■ **Work item**
Set down the whole listing below exactly, without pictures.

■ **Input data**

=== Section Start ===

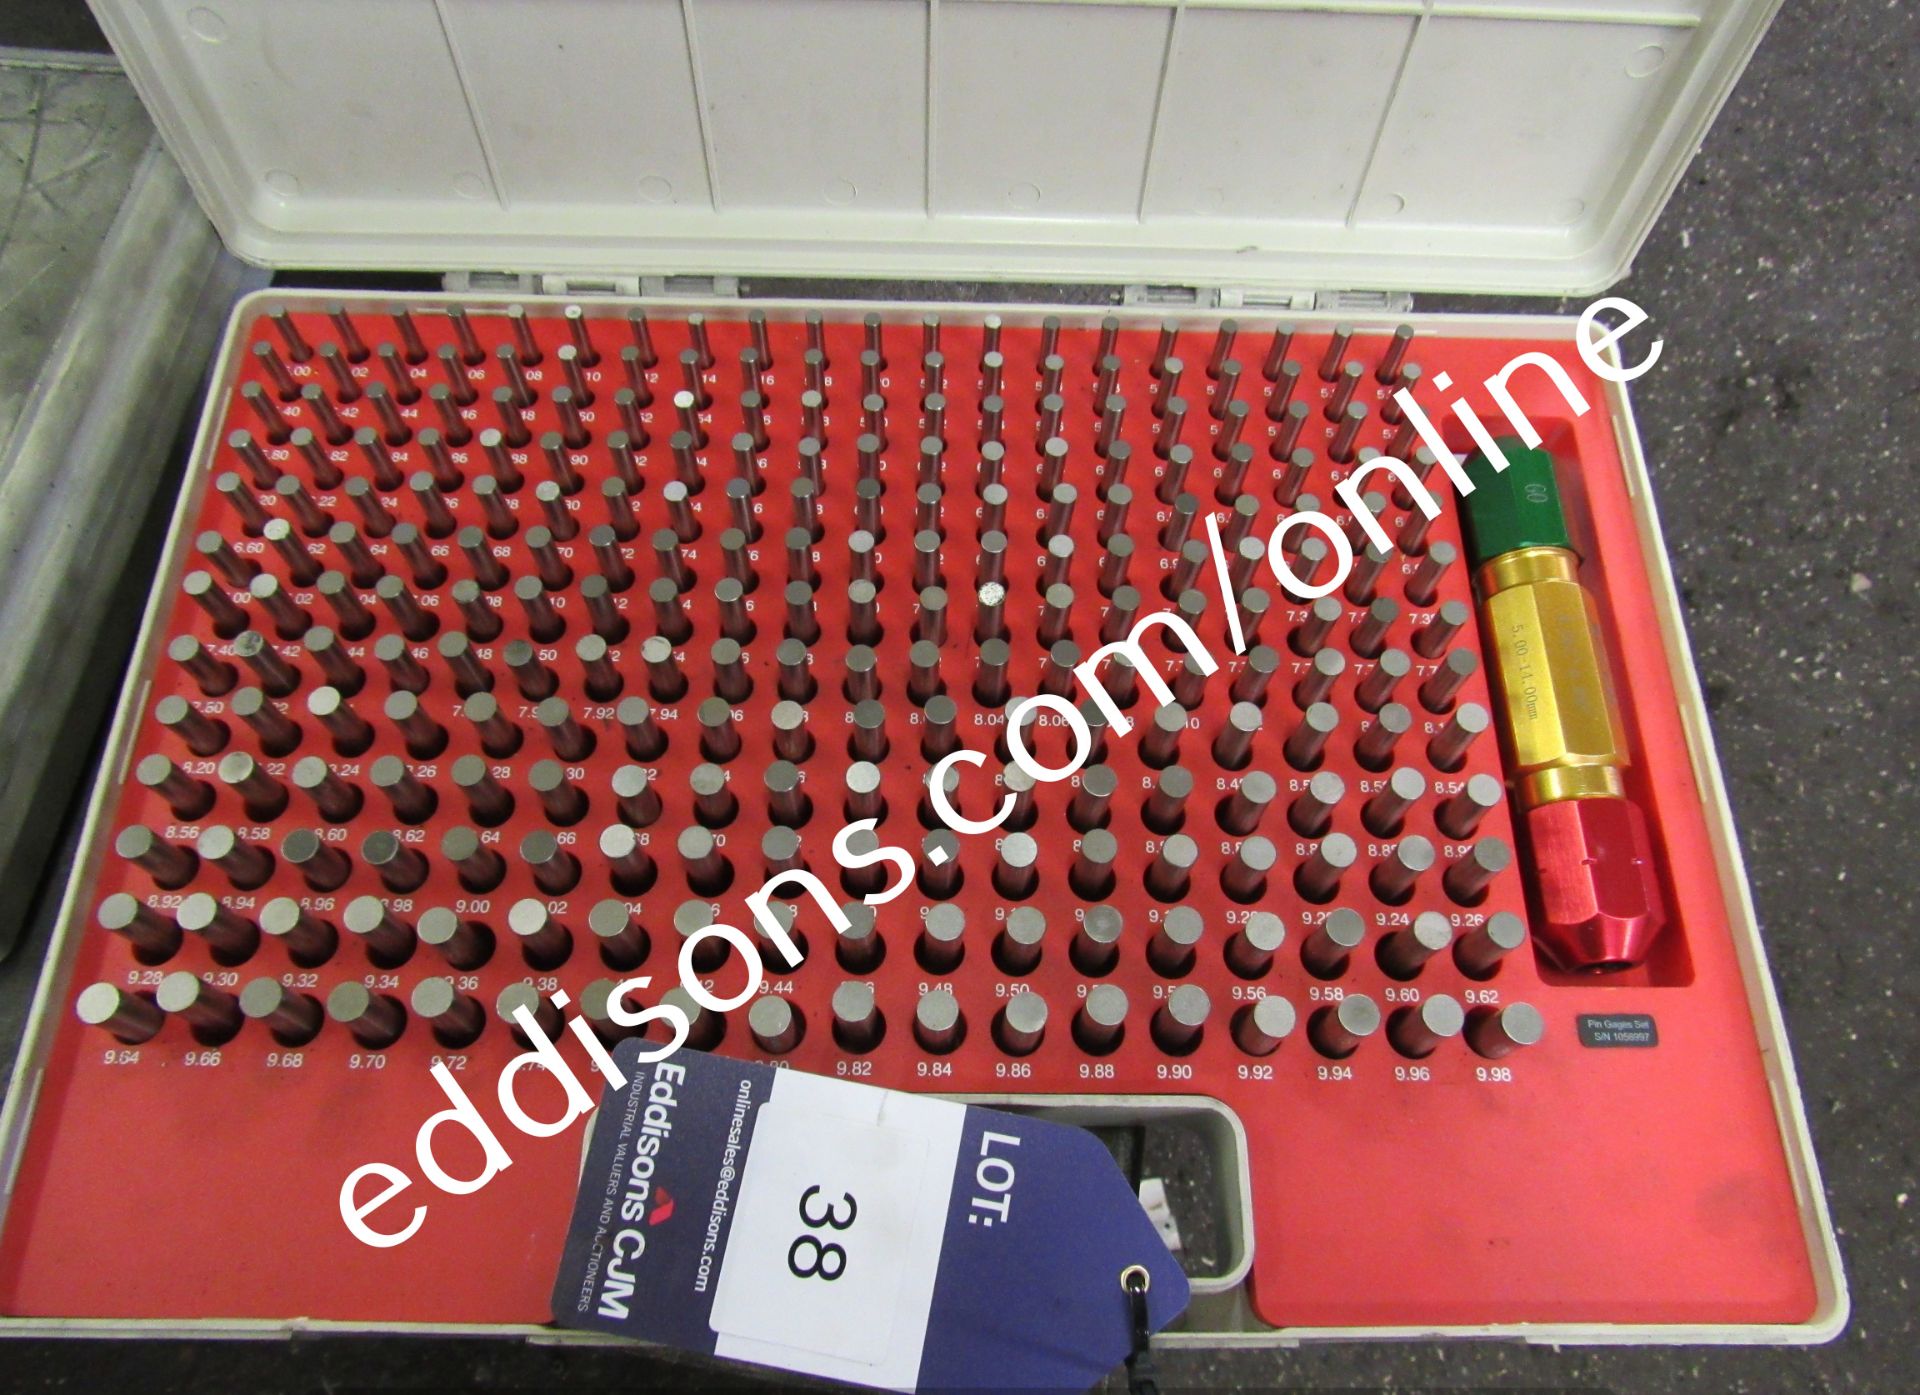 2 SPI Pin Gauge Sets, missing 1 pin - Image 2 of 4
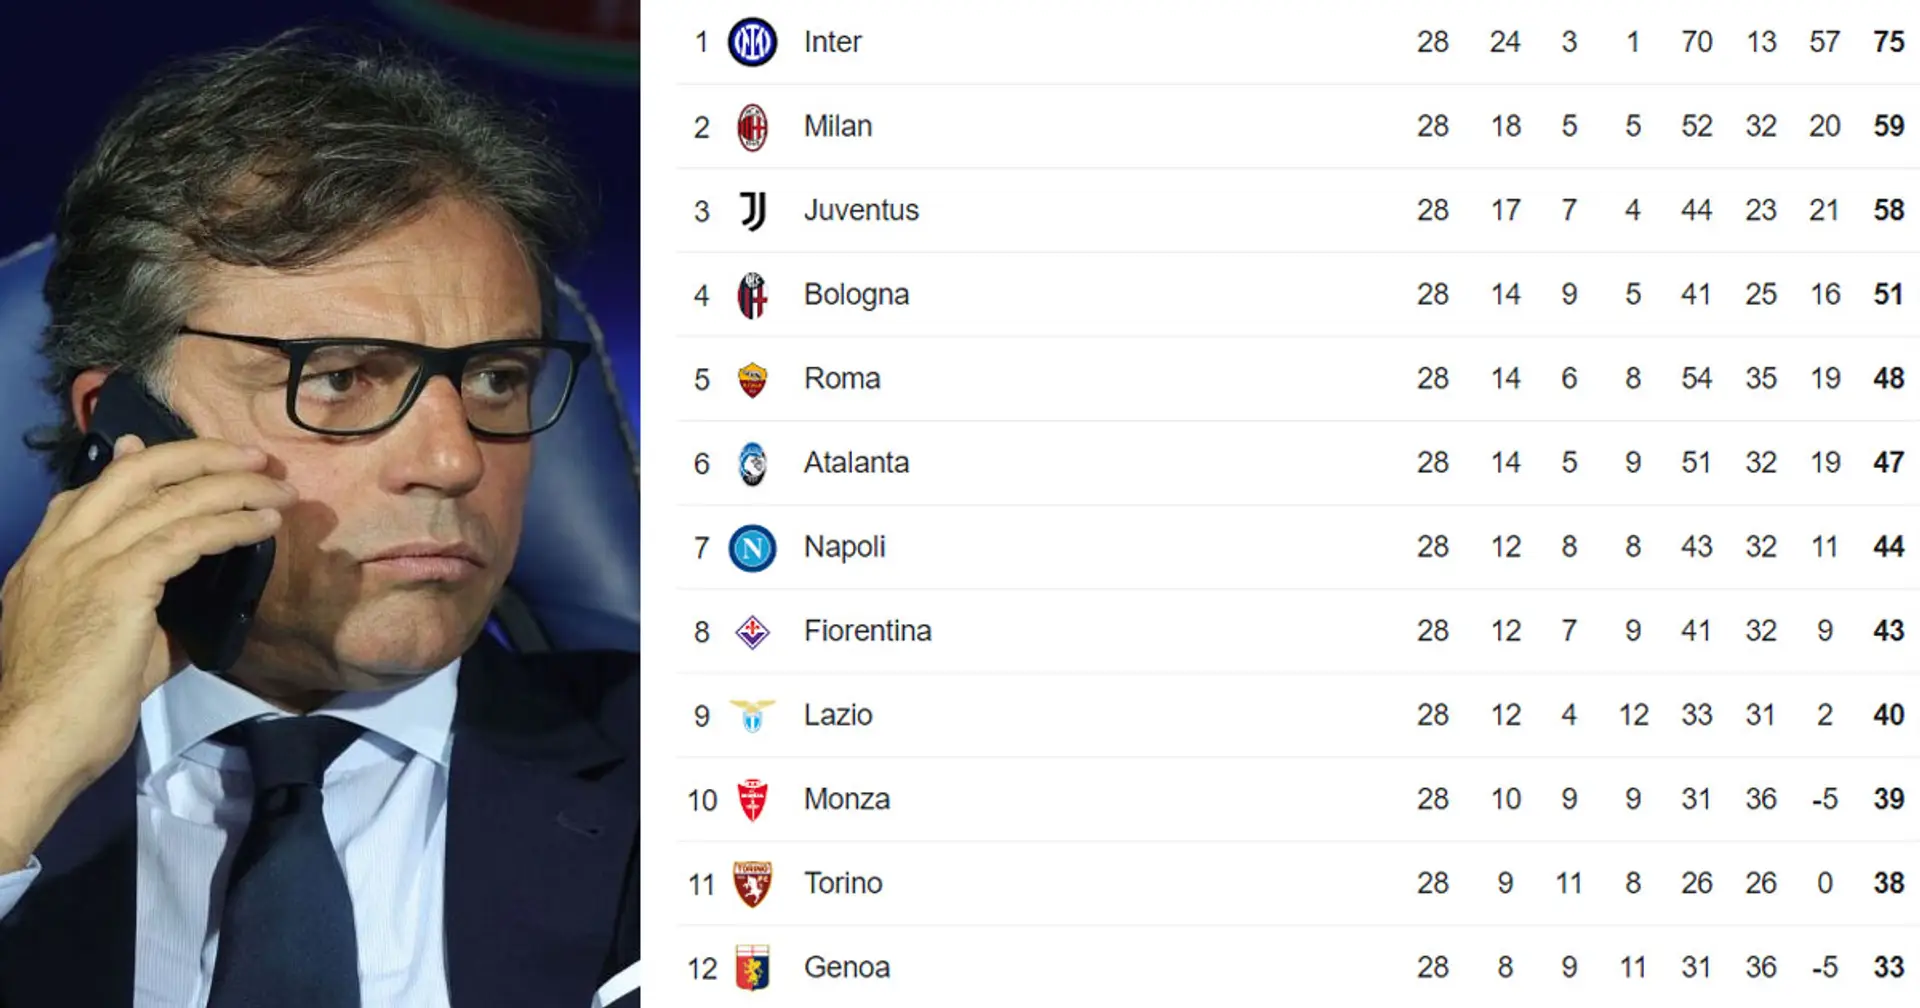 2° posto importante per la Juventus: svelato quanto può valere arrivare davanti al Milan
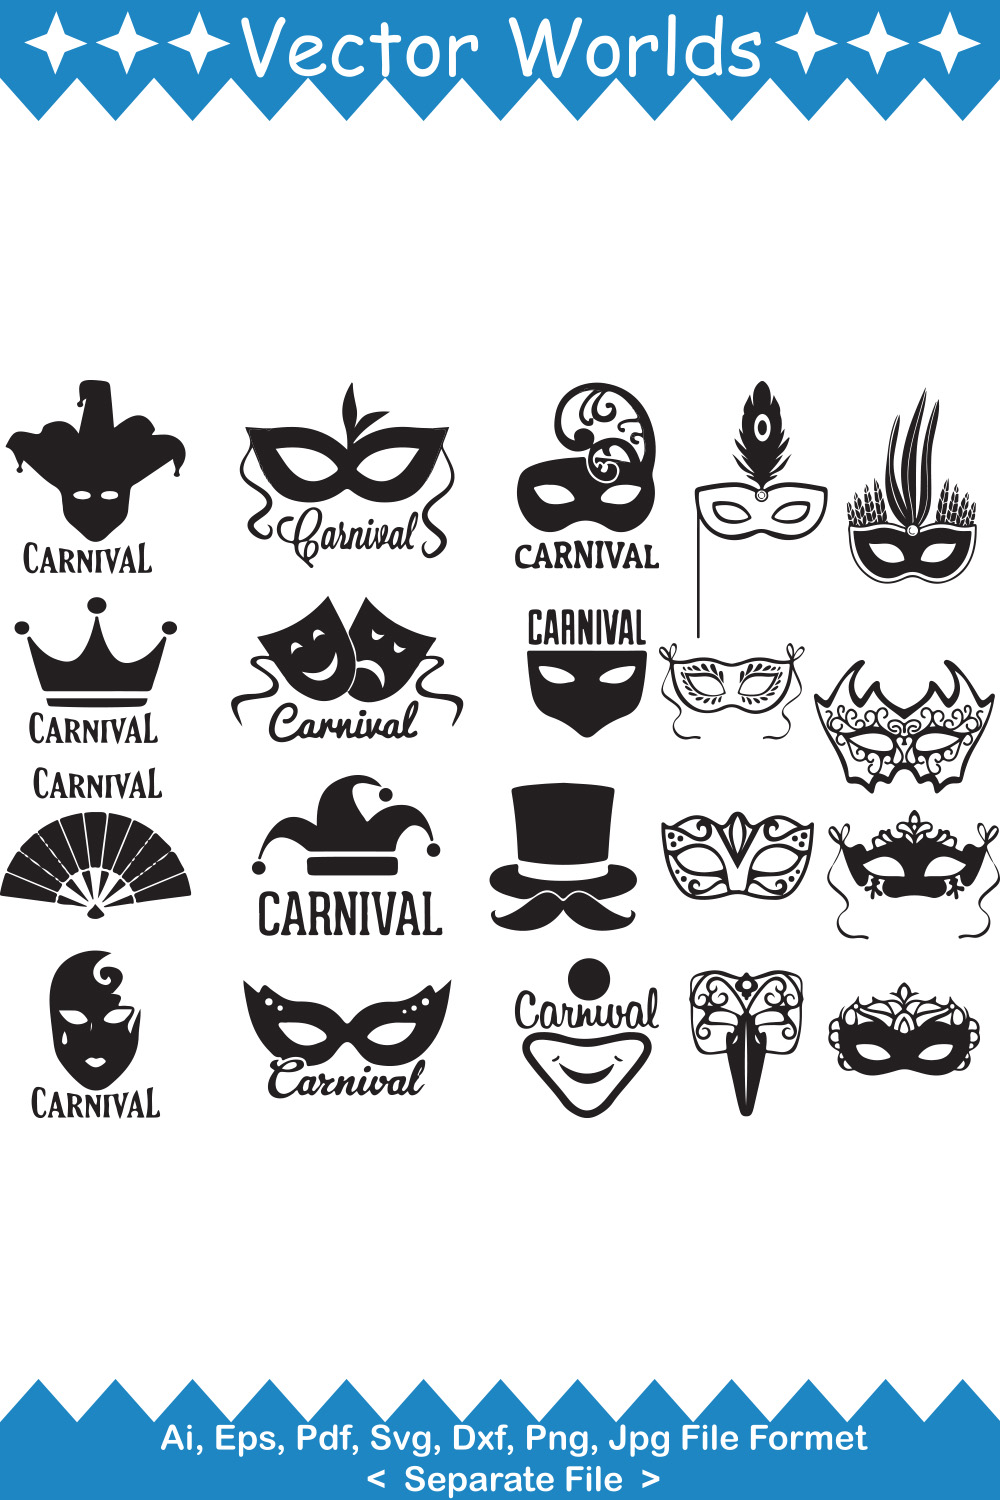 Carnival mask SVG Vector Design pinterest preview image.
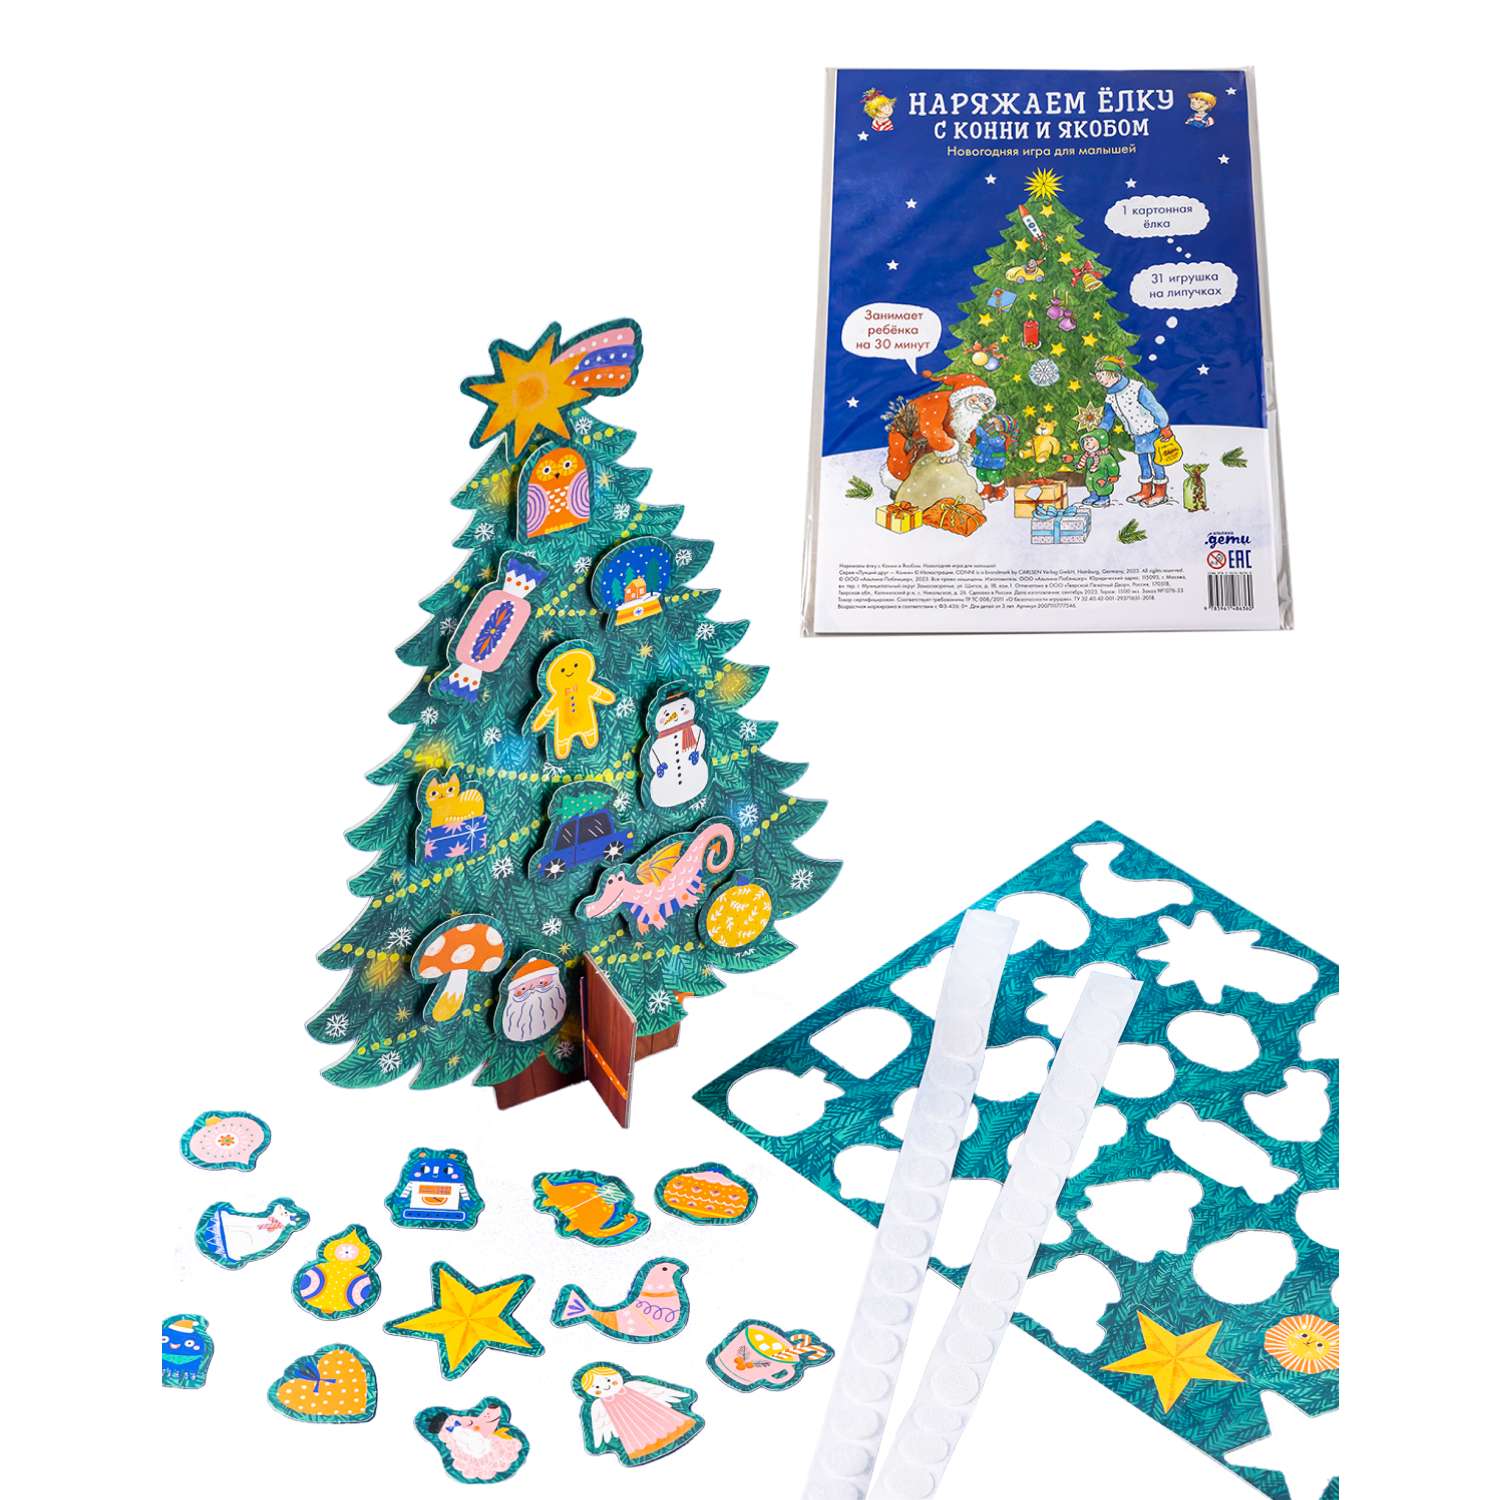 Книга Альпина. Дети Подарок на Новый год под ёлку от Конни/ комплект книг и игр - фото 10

=== Section End ===

■ **Solution**
 2 SPI Pin Gauge Sets, missing 1 pin - Image 2 of 4
 2° posto importante per la Juventus: svelato quanto può valere arrivare davanti al Milan
 Carnival mask SVG Vector Design pinterest preview image.
 Книга Альпина. Дети Подарок на Новый год под ёлку от Конни/ комплект книг и игр - фото 10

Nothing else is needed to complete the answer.